During that time, Khan lived in an empty sewer, went without food for five days, was stabbed, reported to a gang leader of street children and saw his friends lose their lives to alcohol and drug addiction.
Today, his former lifestyle is part of a guided tour that takes curious tourists, mostly Western backpackers, through the chaos of the area around the railway station, home to around 2,500 young runaways and a favourite haunt of budget travellers.
The two-hour tour, launched two months ago and advertised through posters in the area, is the brainchild of Salaam Baalak Trust, an Indian charity for homeless children.
Most children, who run away from home to escape poverty or sexual abuse and sometimes like Khan, to experience the dazzle of big city life, make the station their home.
The busy station provides them ingenious ways -- such as the use of luxury train toilets -- to survive the mean streets. Leftover newspapers are traded for medicine to treat injuries from police beatings.
Discarded fruit is given to juice stall owners to use in exchange for a place to sleep on the shops' tin rooves away from the police's sight.
All these anecdotes are part of the tour which at 200 rupees (4.50 dollars) a head gets an average of five tourists daily and offers a glimpse into the hideaways, hangouts and workplaces of the railway children.
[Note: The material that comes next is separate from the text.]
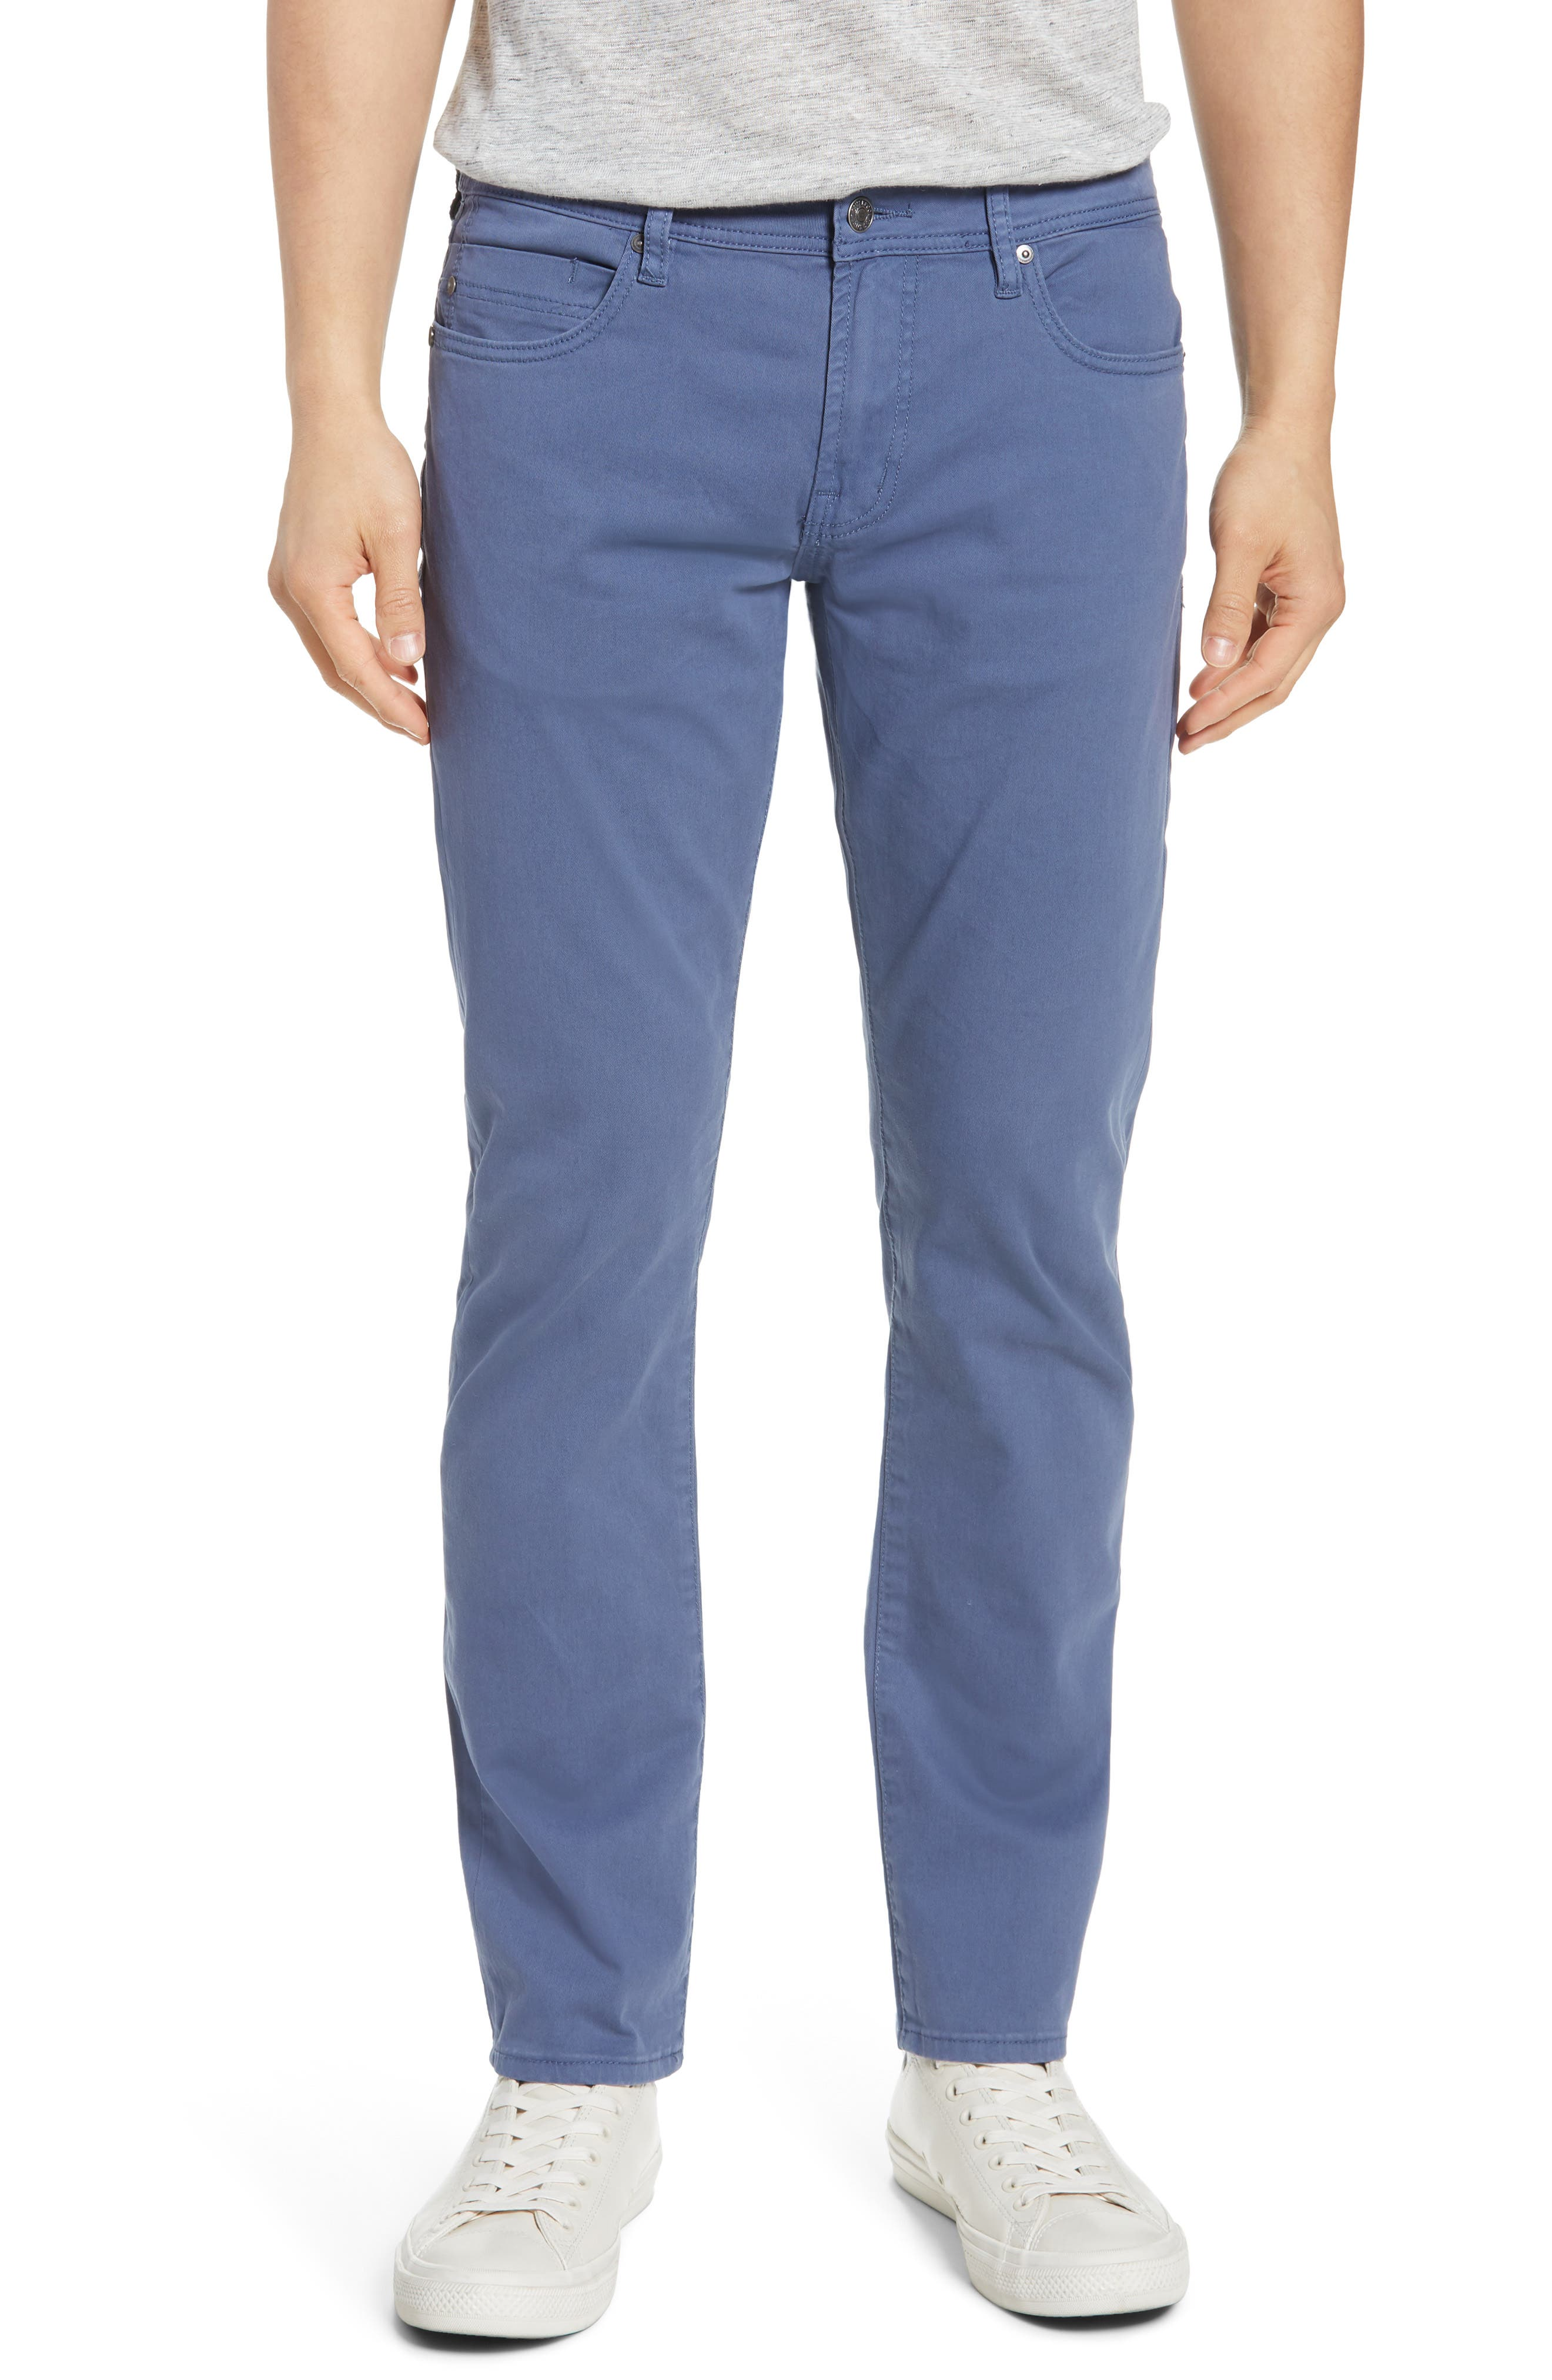 Image of Liverpool Jeans Co Kingston Modern Straight Leg Twill Pants

"I wanted to see the streets from a kid's perspective," says 24-year-old US artist Leiv Wold, who in a sarong and beads around his neck and shoulders typifies foreign backpackers looking for a slice of real India.
"Most children watch too much TV. It's interesting to see what children can do when given an opportunity," adds fellow American Aaron Ableman, who is working on a documentary film on deprived children.
With their new jobs, the tour guides have become role models for others whom they meet during the jaunts.
Children with runny noses and filthy clothes greet the guides with toothless smiles at the railway station to try on the tourists' sunglasses and pose for photographs.
The guides also want to change the lives of other urchins and rid the country of problems such as its rigid ancient caste heirarchy.
"People in my village still believe in untouchability and Hindus and Muslims do not socialise with each other. I want all that to change," says Khan, who learnt English in three months as part of job training at the trust.
Apart from being a tour guide, he teaches at the charity and studies for five hours daily to improve his English language skills and complete a degree in social work.
While Khan wants other deprived children to achieve the life he has, 18-year-old Shekhar Saini aims to be a Bollywood actor.
In low-slung jeans and a fitted T-shirt, the acting student at a leading national drama school bears a resemblance to his favourite star Shah Rukh Khan. Even his tourists are impressed with his leadership skills.
"You will make a good actor," says Brazilian tourist Philipe Sá, as Saini asks the group to move with the wave of his hand.
The film aspirant, who ran away from home unable to bear the barbs his parents faced because of his marijuana habit, is now doing his family proud with his confidence.
"My parents are very proud of me today, because I can speak good English and have an ambition. My life in the village was a waste," Saini says.
Around 50 runaways arrive at the railway station daily in hopes of finding a better livelihood, the trust says. Many fall prey to sexual abuse and police harassment, while some take to drugs and others are forced into prostitution.
Most though earn a living by polishing shoes, working at tea stalls, selling flowers and cleaning.
Some belong to organised gangs who earn money by begging and entertaining passengers with singing and dancing.
There are no government figures for the number of street children in India, but according to independent studies, roughly 11 million children live on the road in India.
A large chunk is based in big cities such as Delhi.
"In Delhi alone, there are at least 100,000 children by the most conservative estimate," says Pravin Nair, chairwoman of the Salaam Baalak Trust, which her daughter and internationally-celebrated filmmaker Mira founded in 1988.
The charity was initially launched to help deprived children who acted in Mira Nair's acclaimed film "Salaam Bombay" -- a gritty tale about life on the streets -- which won a national award for its lead actor.
Since then, the organisation has helped in rehabilitating around 3,500 children and ultimately uniting them with their families.
"These children want to convey what they can become if given a little help. The street tour project is a celebration of their lives," Pravin Nair says.